[Information provided]
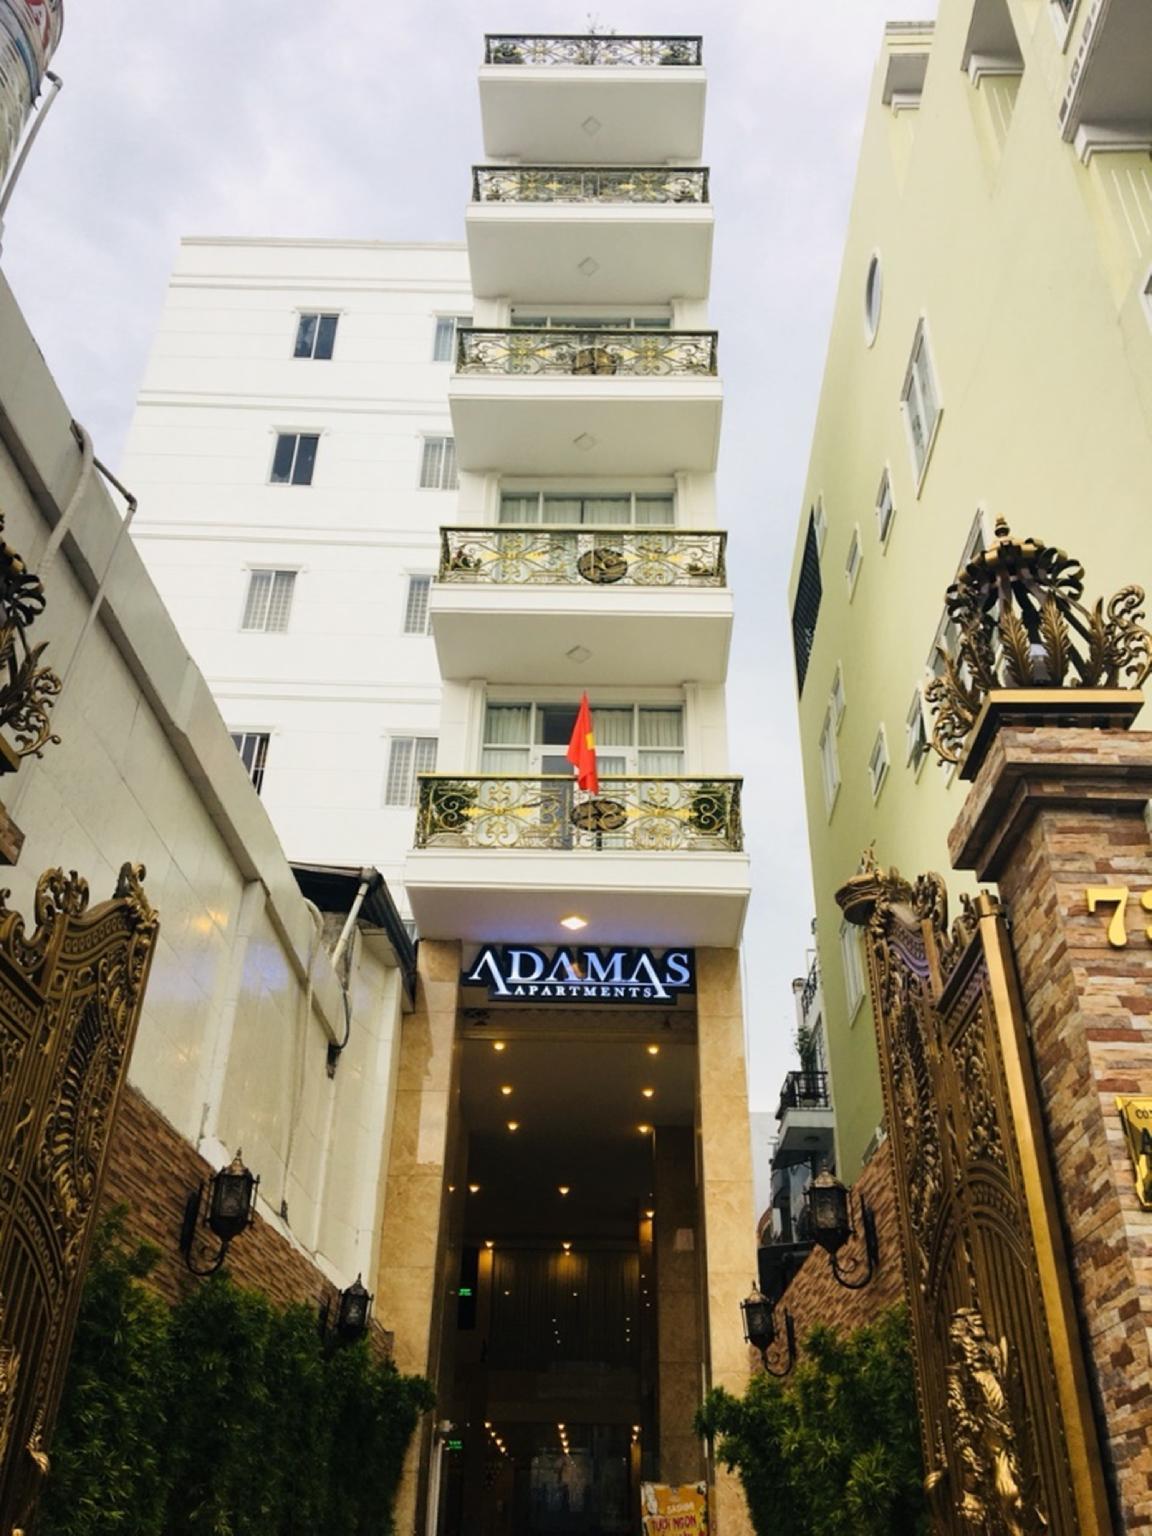 Adamas Apartment   Phan Dinh Phung
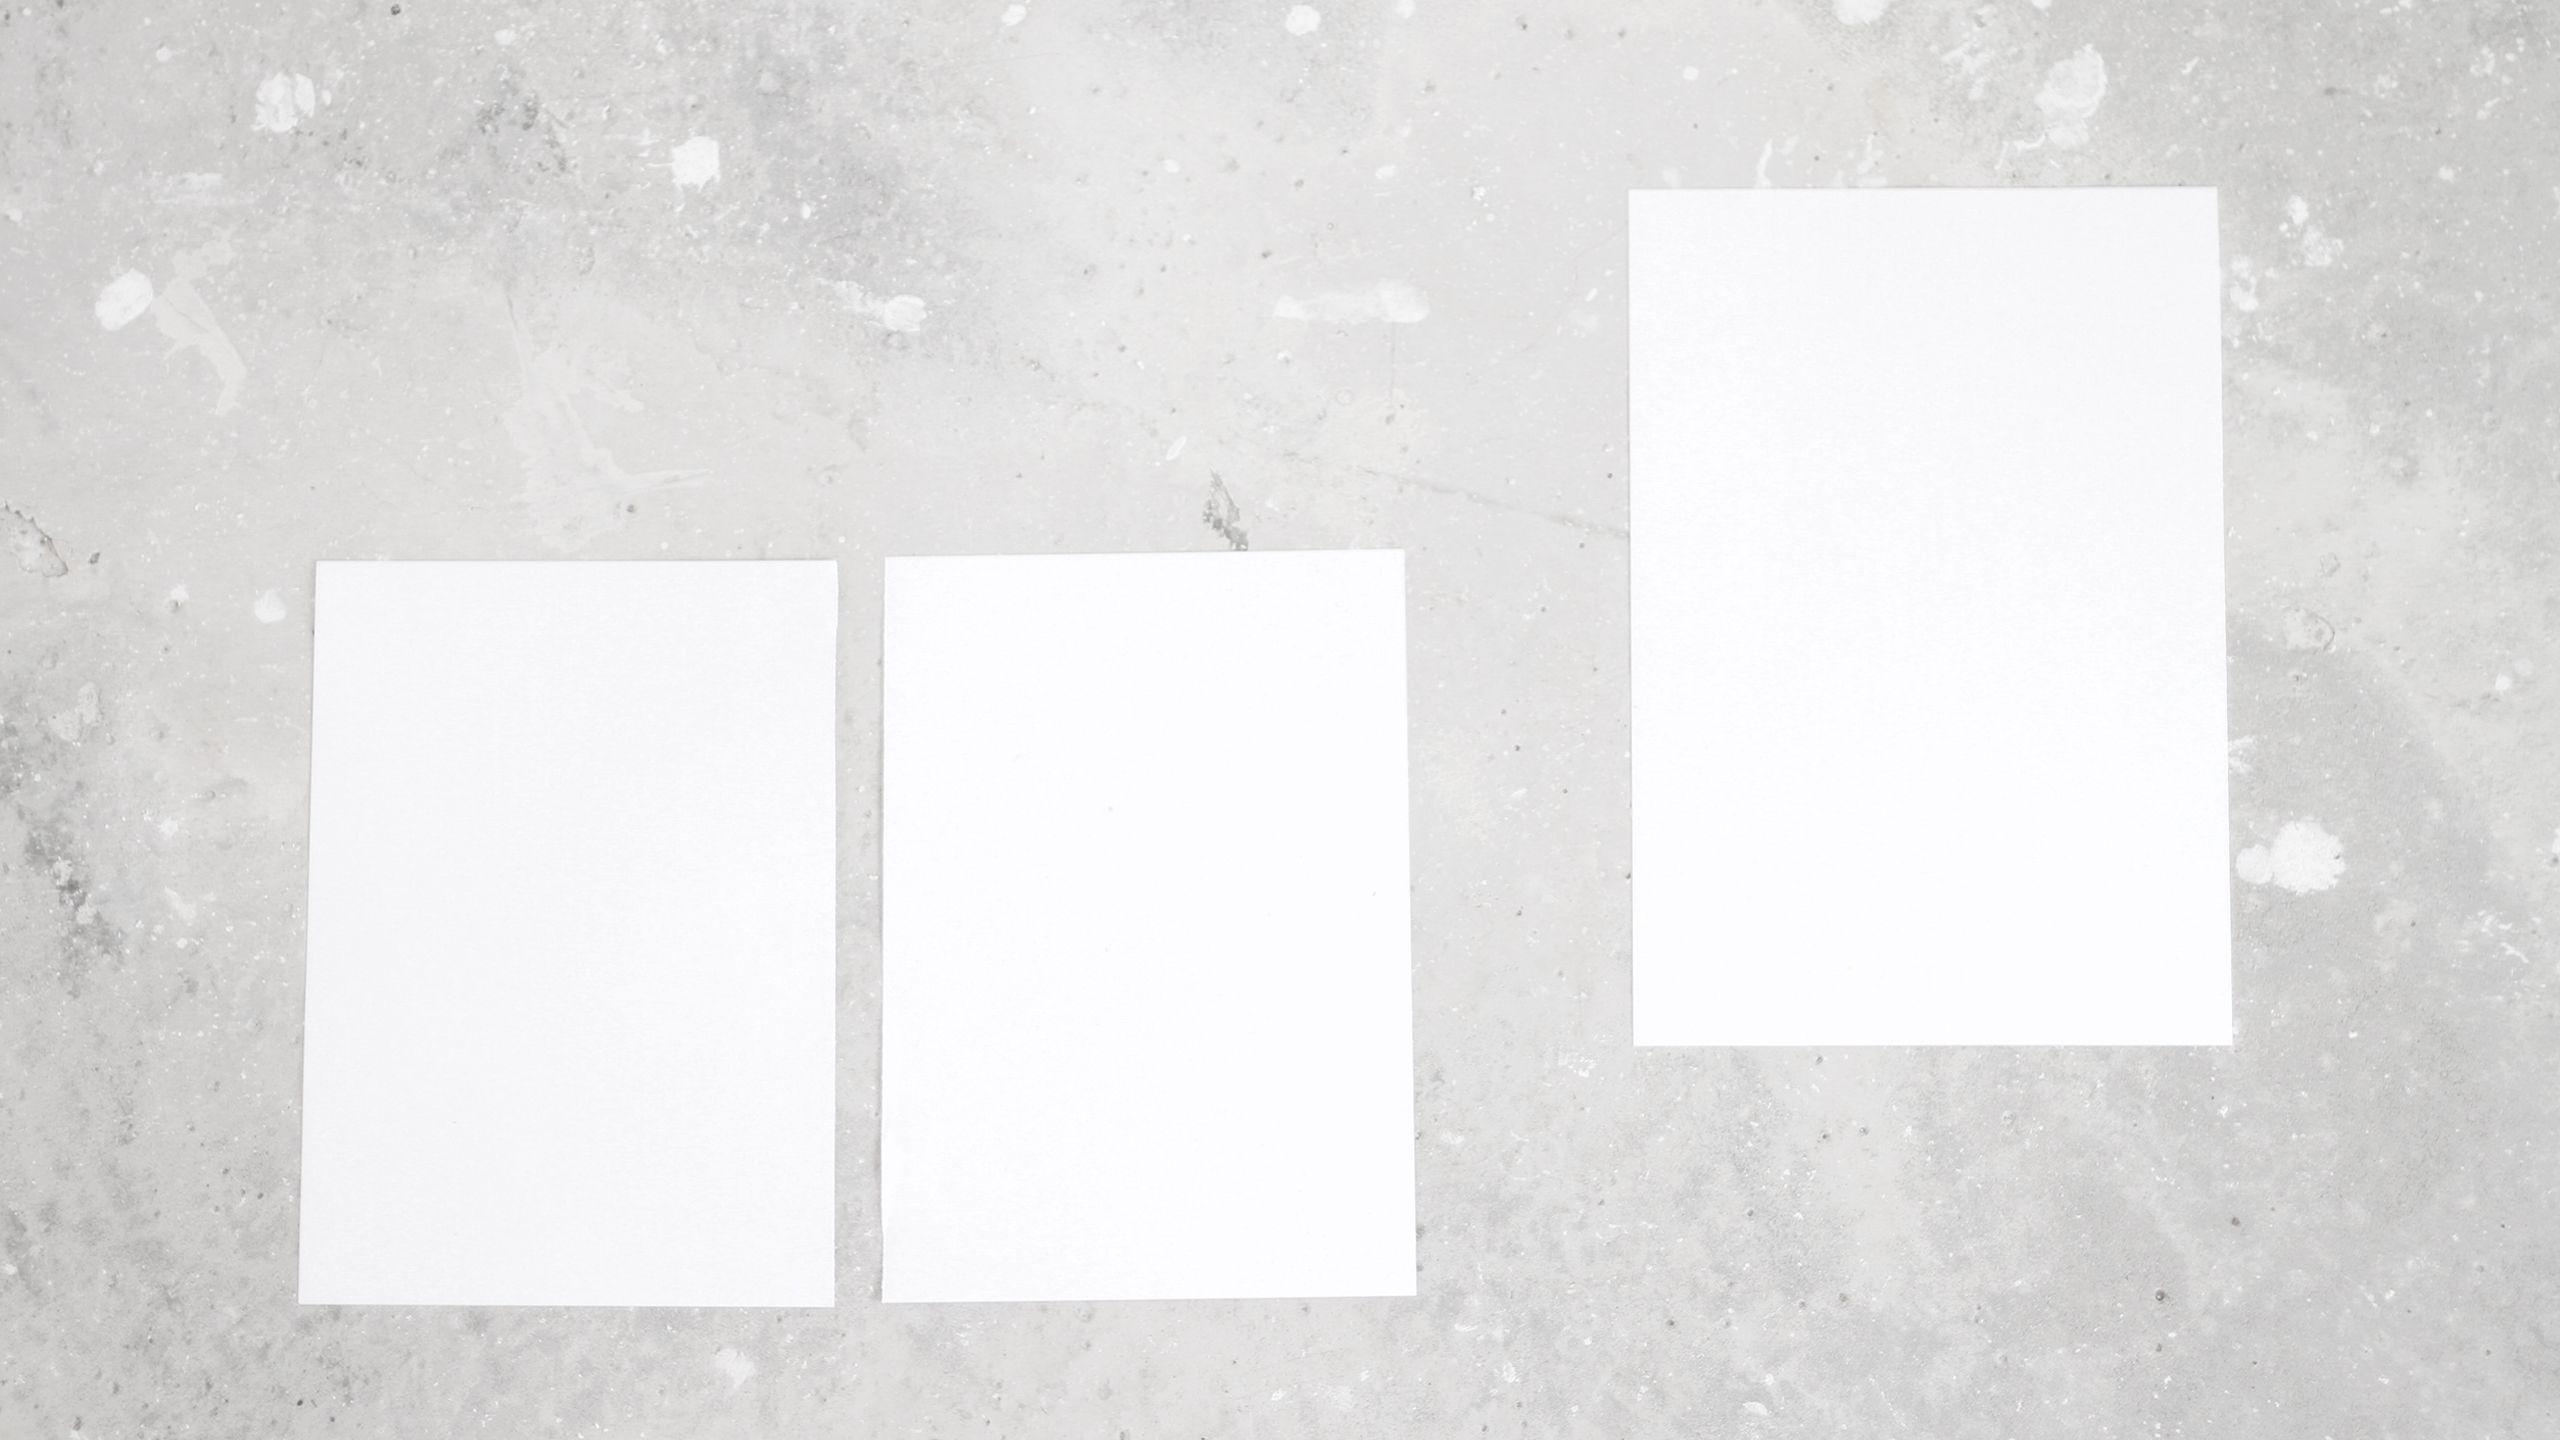 Hình nền máy tính xách tay thẩm mỹ màu trắng 2560x1440
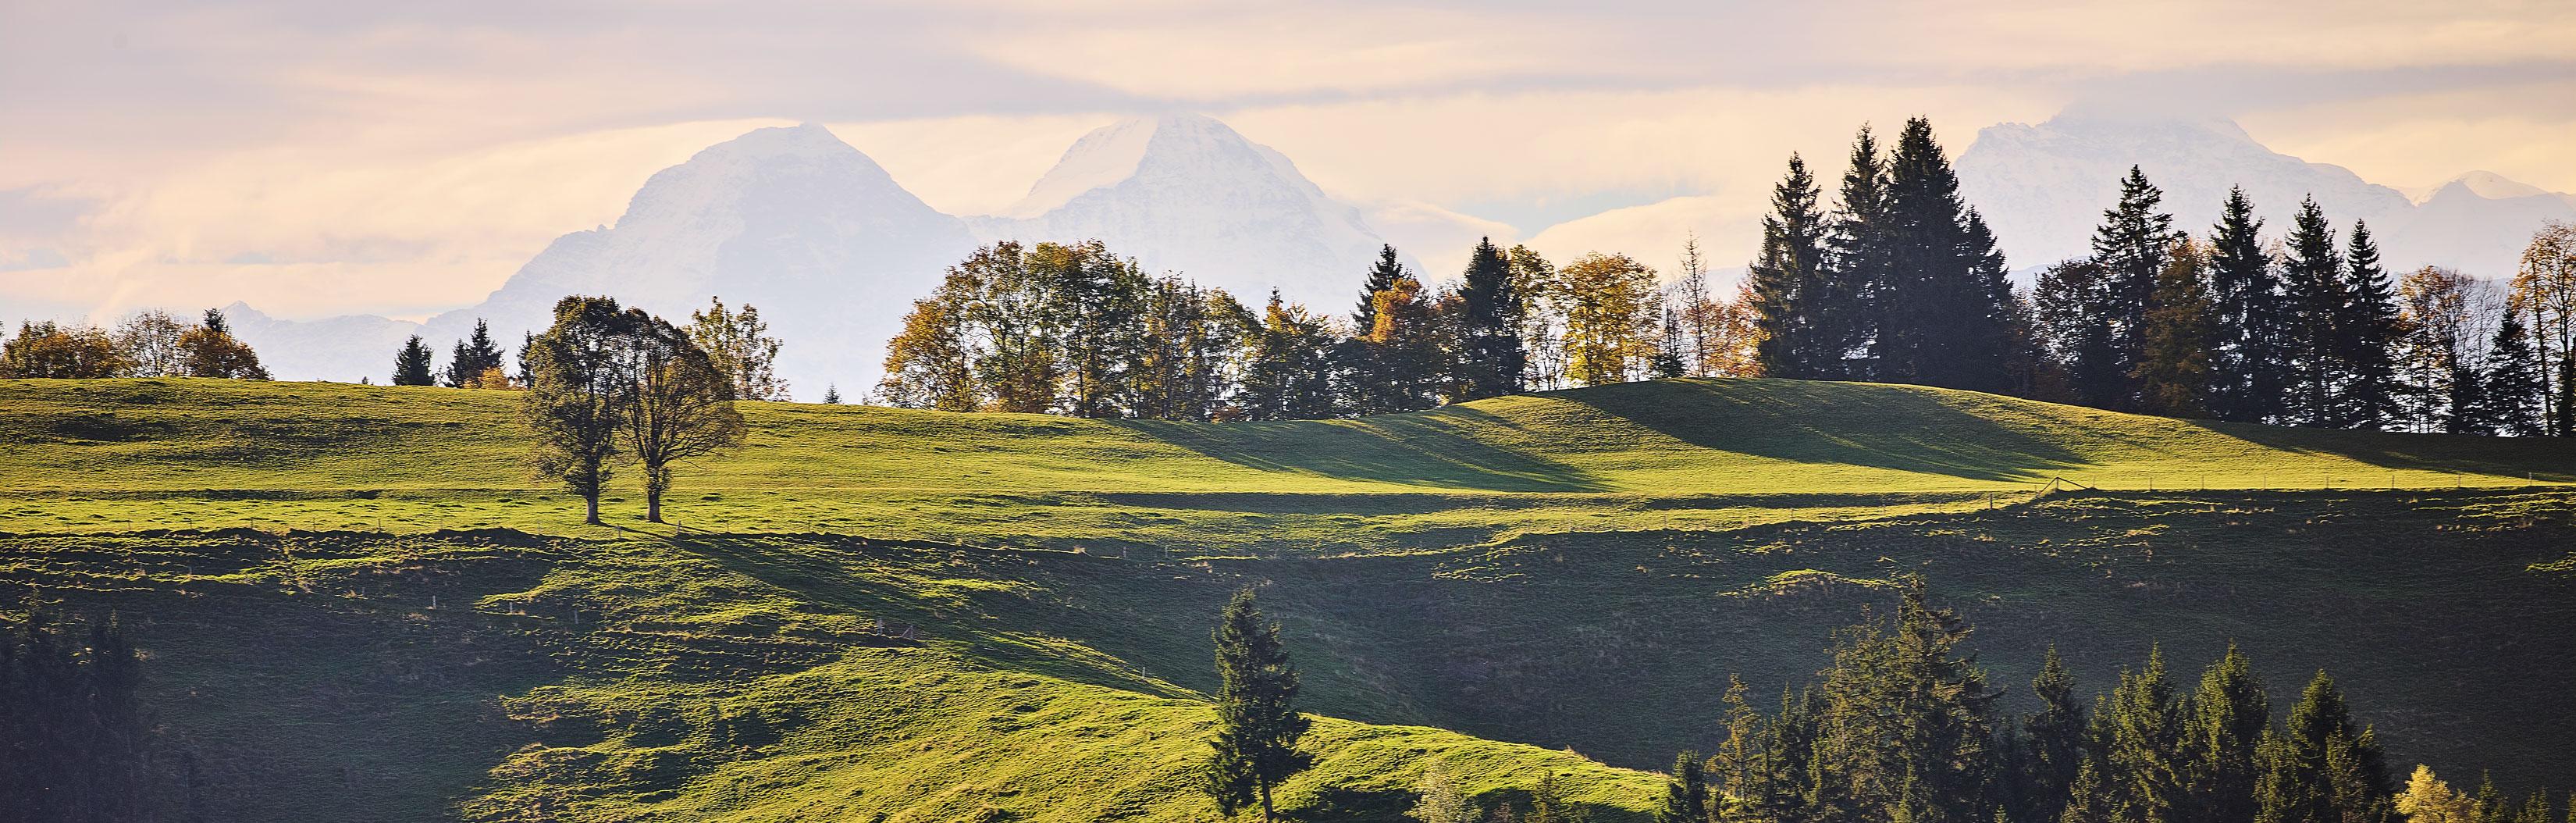 kambly-landschaft-Ein-Beitrag-zur-Lebensqualitaet
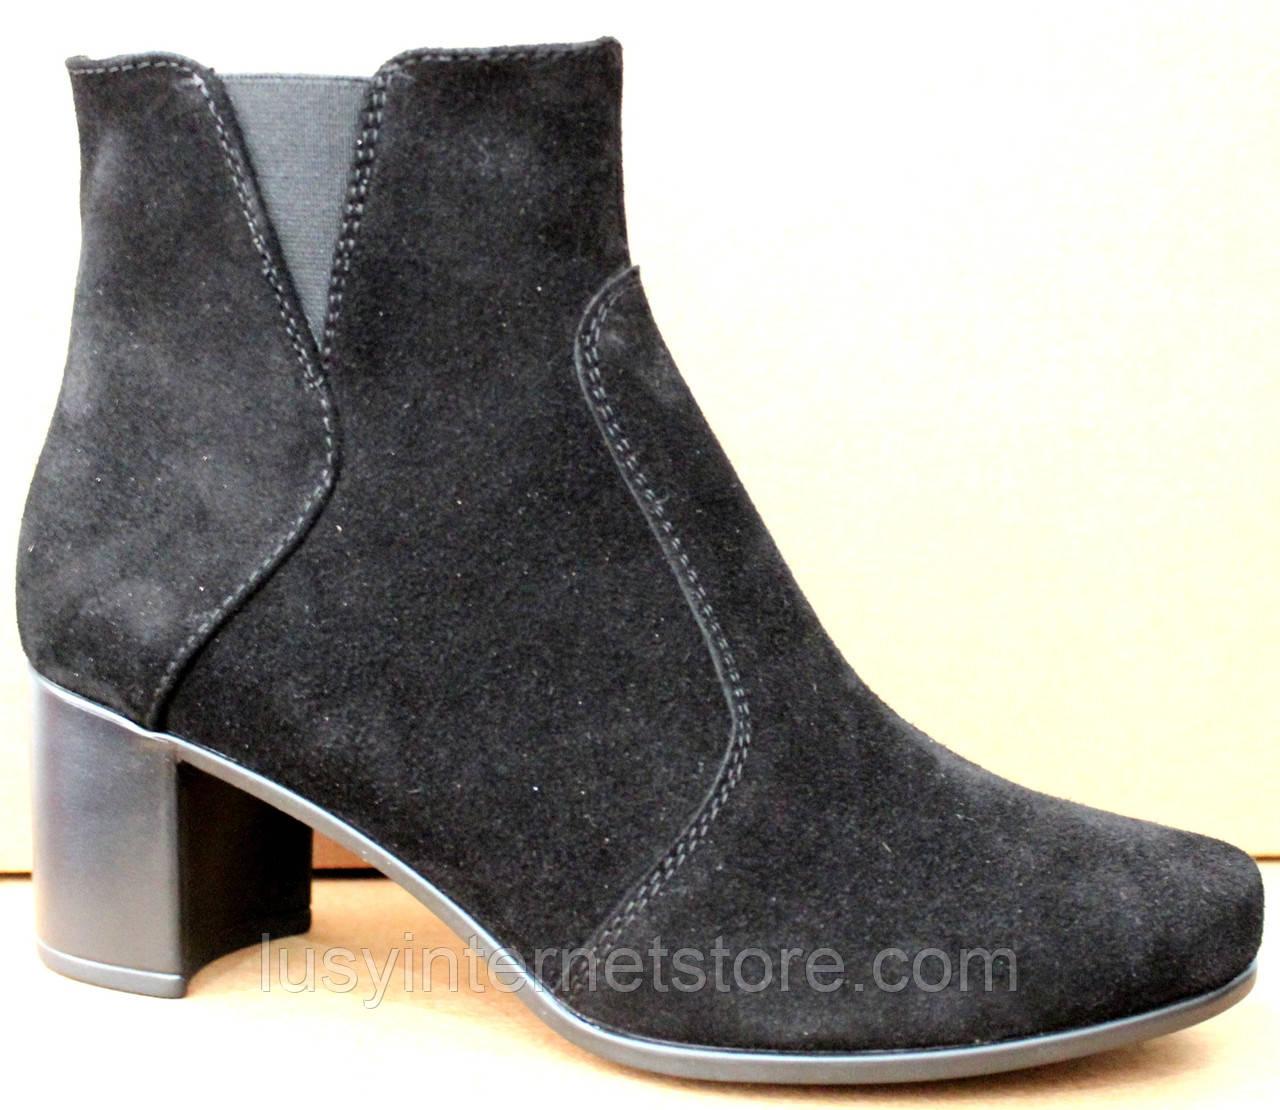 Черевики жіночі чорні замшеві туфлі на підборах від виробника модель ШБ14Д-1
[/Information provided]
**Requirement**. Exclude every picture, then reproduce the remaining data character for character.

**Problem solution**.
 Adamas Apartment   Phan Dinh Phung
 Hình nền máy tính xách tay thẩm mỹ màu trắng 2560x1440
 kambly-landschaft-Ein-Beitrag-zur-Lebensqualitaet
 Черевики жіночі чорні замшеві туфлі на підборах від виробника модель ШБ14Д-1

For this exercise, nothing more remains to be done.